I spoke with the petitioner leading the campaign for Christopher Wallace Way, LeRoy McCarthy, with whom Biggie's art and legacy clearly resonates a great deal. And according to McCarthy, he's hardly the only person to pay his respects. "The thousands of handwritten supporters in the neighborhood, plus over 3,000 online supporters, appreciate how BIG MC'ed and represented BK to the fullest," he said. "A Christopher Wallace Way would show that a son or daughter of Brooklyn is capable of great accomplishments, even if they come from modest beginnings."

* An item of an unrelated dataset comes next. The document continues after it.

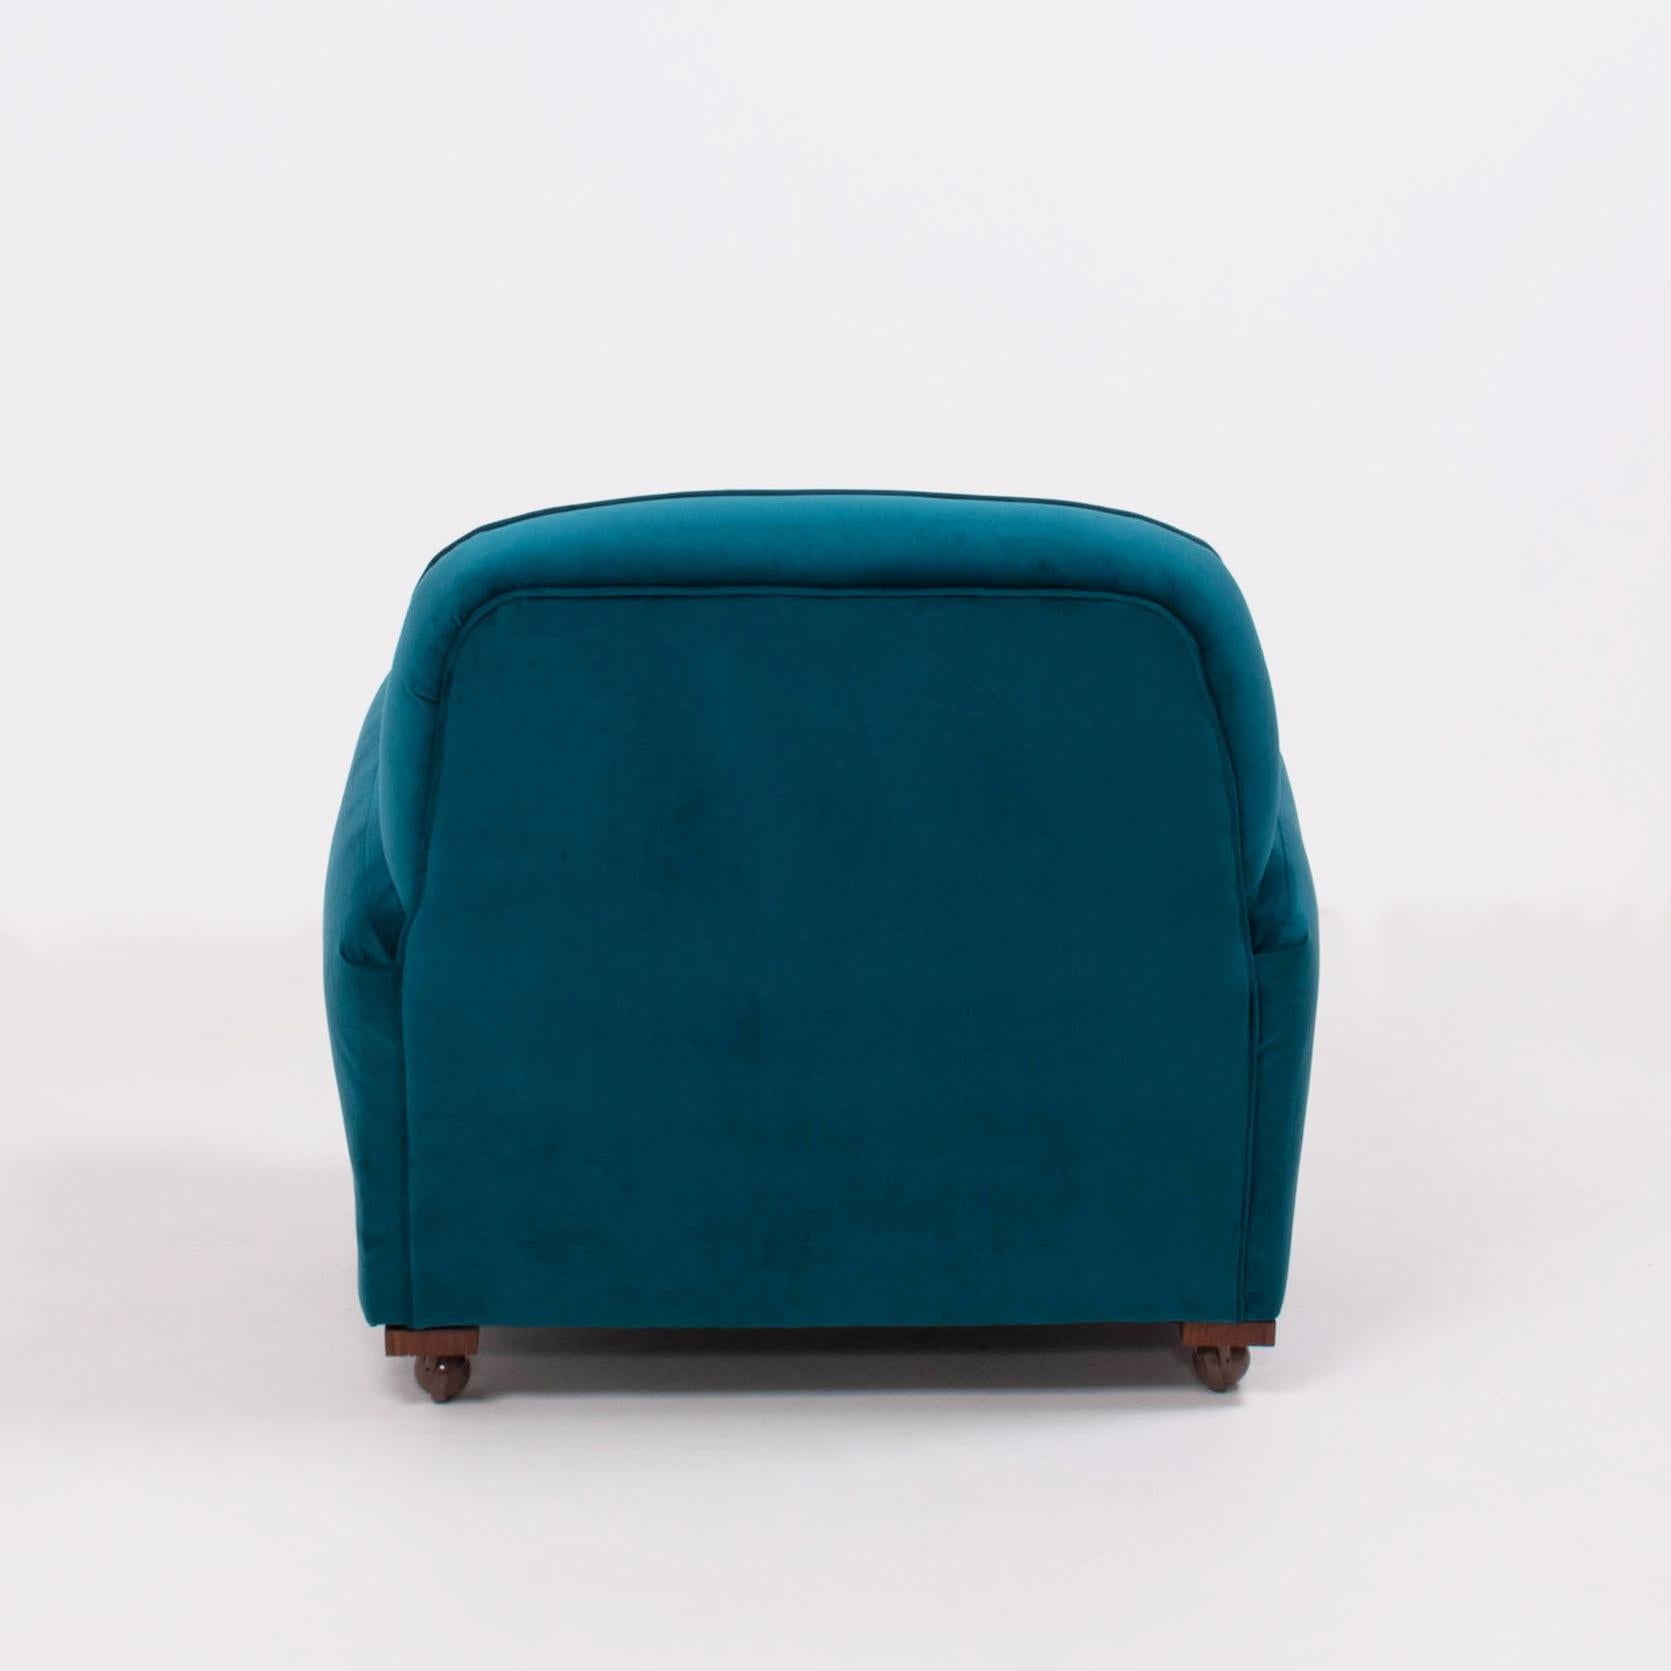 Fabric 1930s Art Deco Curved Blue Teal Velvet Armchair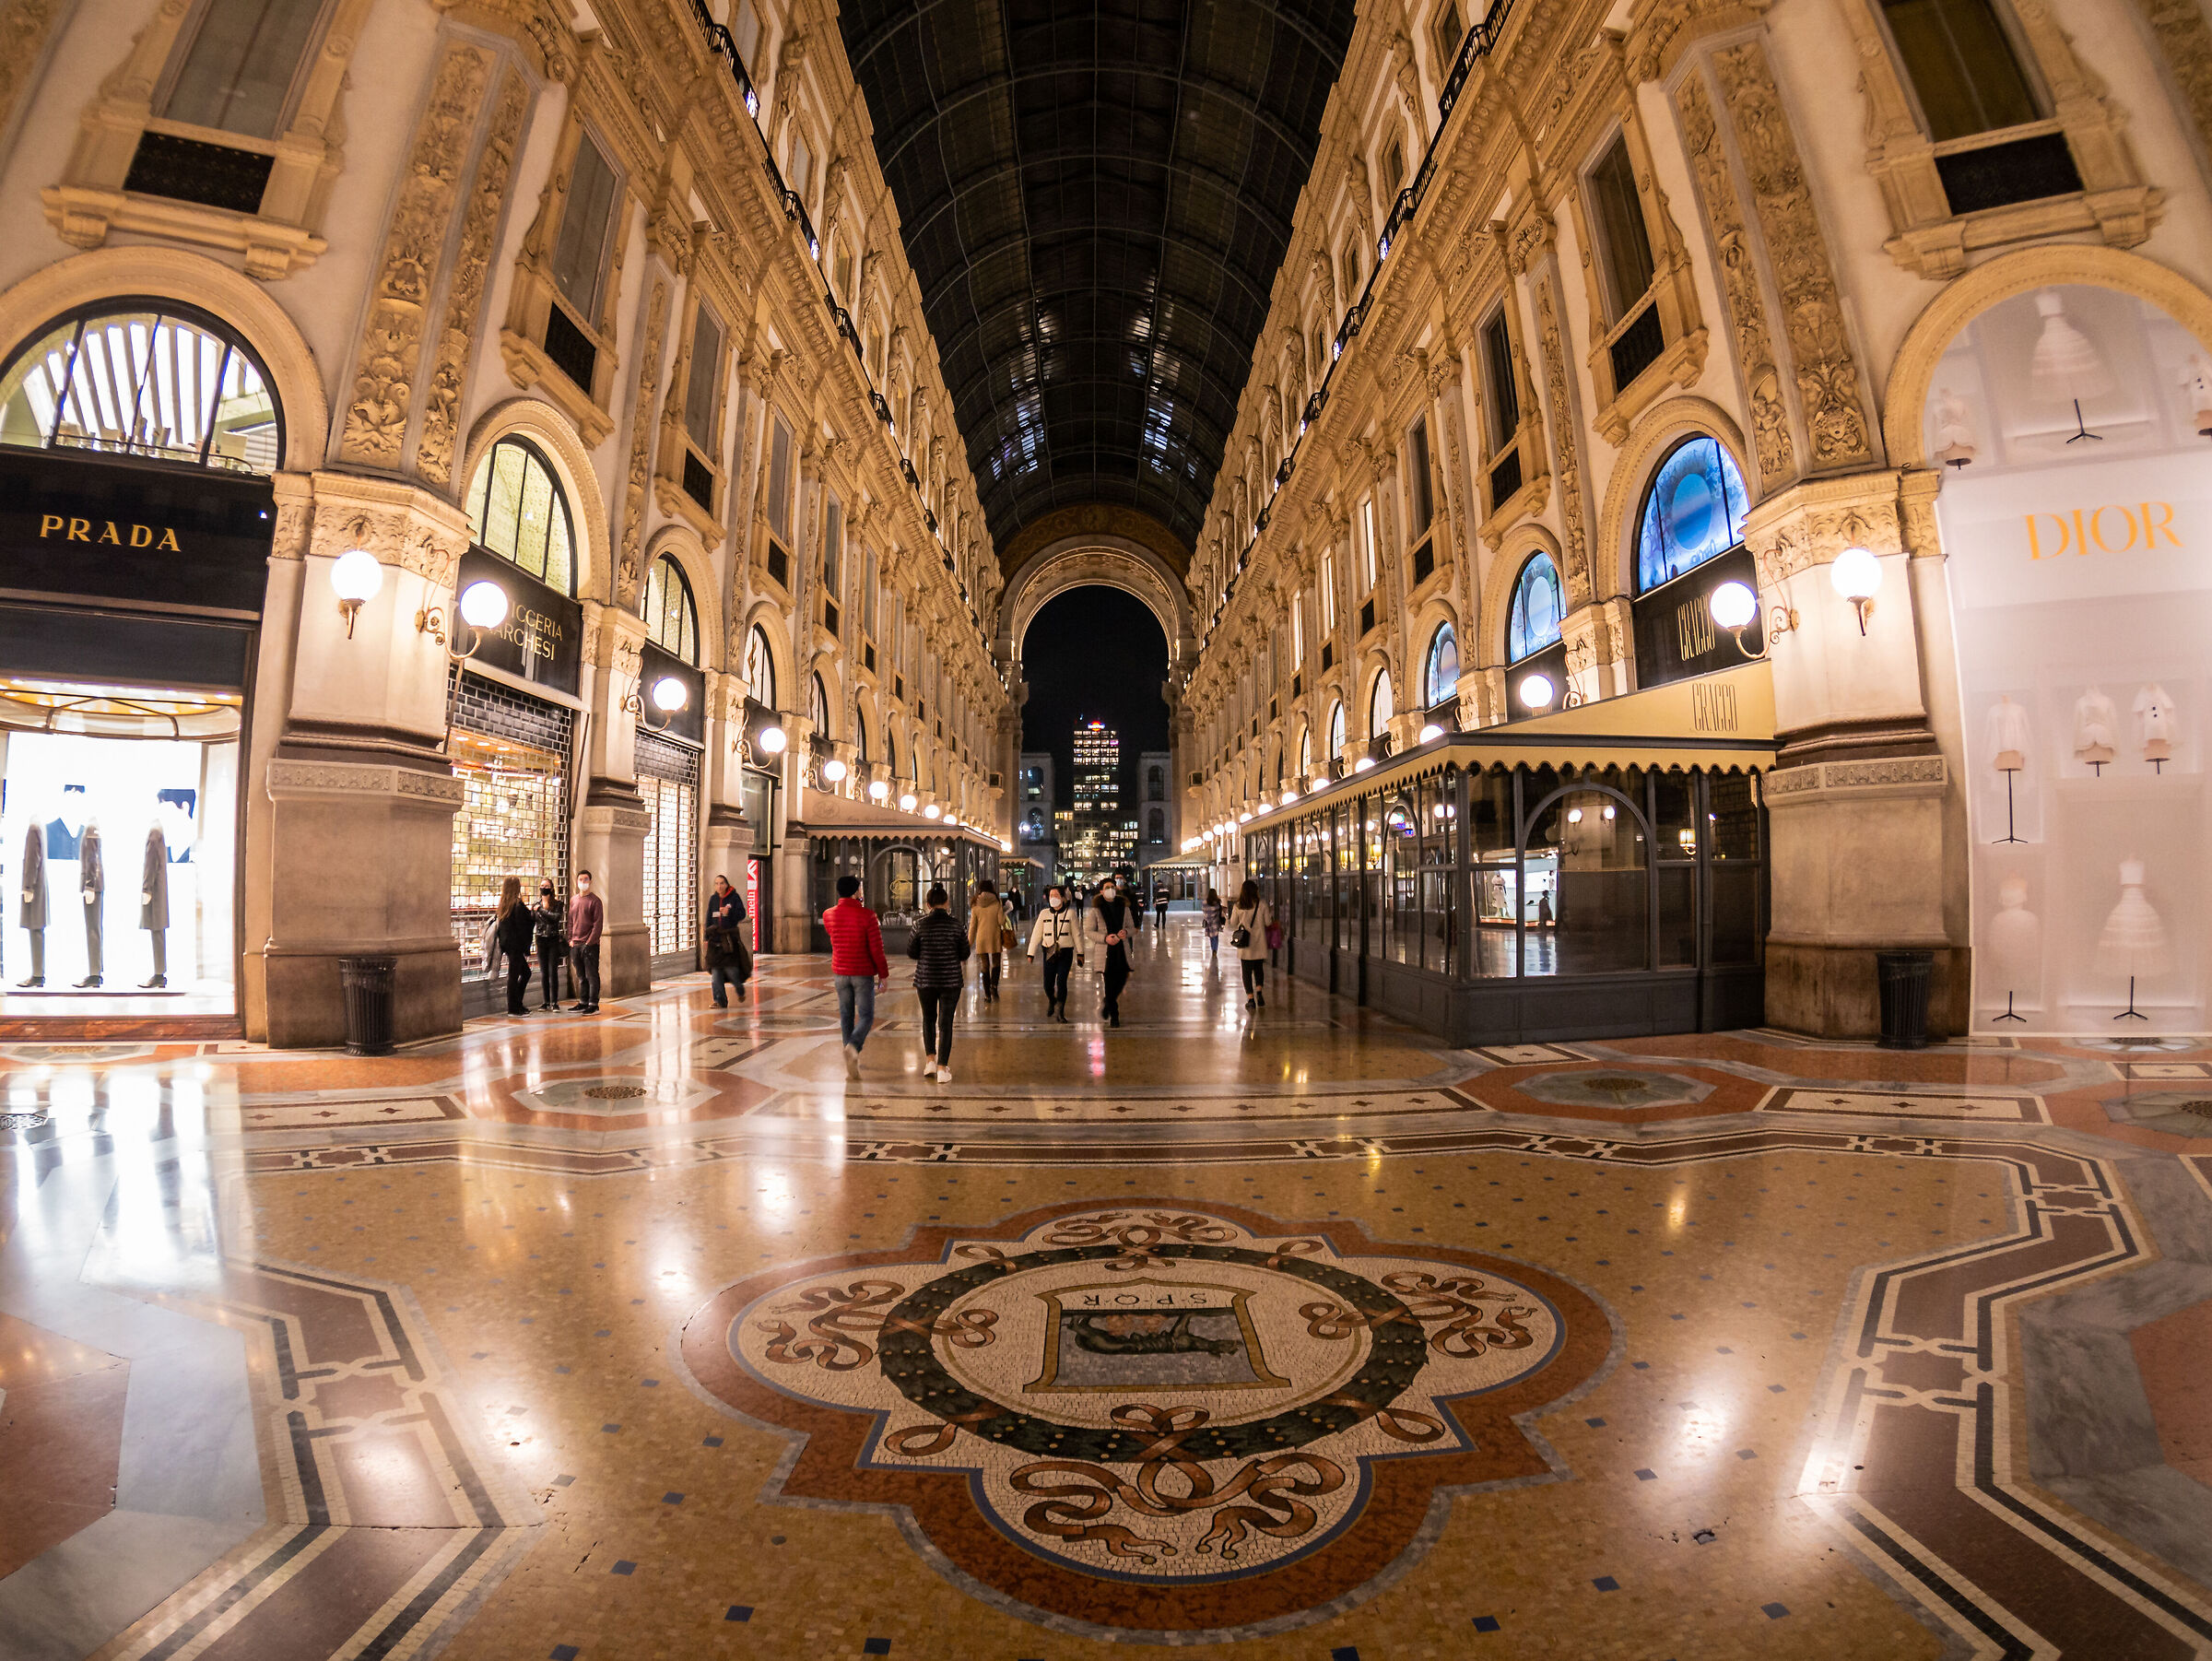 Galleria vittorio Emanuele - Milan ...

That's a role model if there ever was one. Ready to Die is hardly a sanitized account of a human life, but then, if Christopher Wallace hadn't sold dope, and hadn't prevailed over that life of crime and regrets, what would the Notorious B.I.G. mean to us, really? That an artist was snatched too soon, too violently from these streets — snatched from grace and creative heights — is all the more reason to stake Biggie's legacy, the good and the bad, to one immortal corner of a borough that he repped, indeed, to the fullest, and to the very end.
The American narrative is laced with adversity of all sorts. On our most neglected boulevards, adversity does often read like a rap sheet. Fury and funk: what Biggie spit best. Of course there's shame in the man's past — that's the crux of his importance. It's precisely what we cherish of Biggie's music. It's why Big Poppa sang the blues.
Justin Charity is a freelance writer living in Brooklyn, N.Y.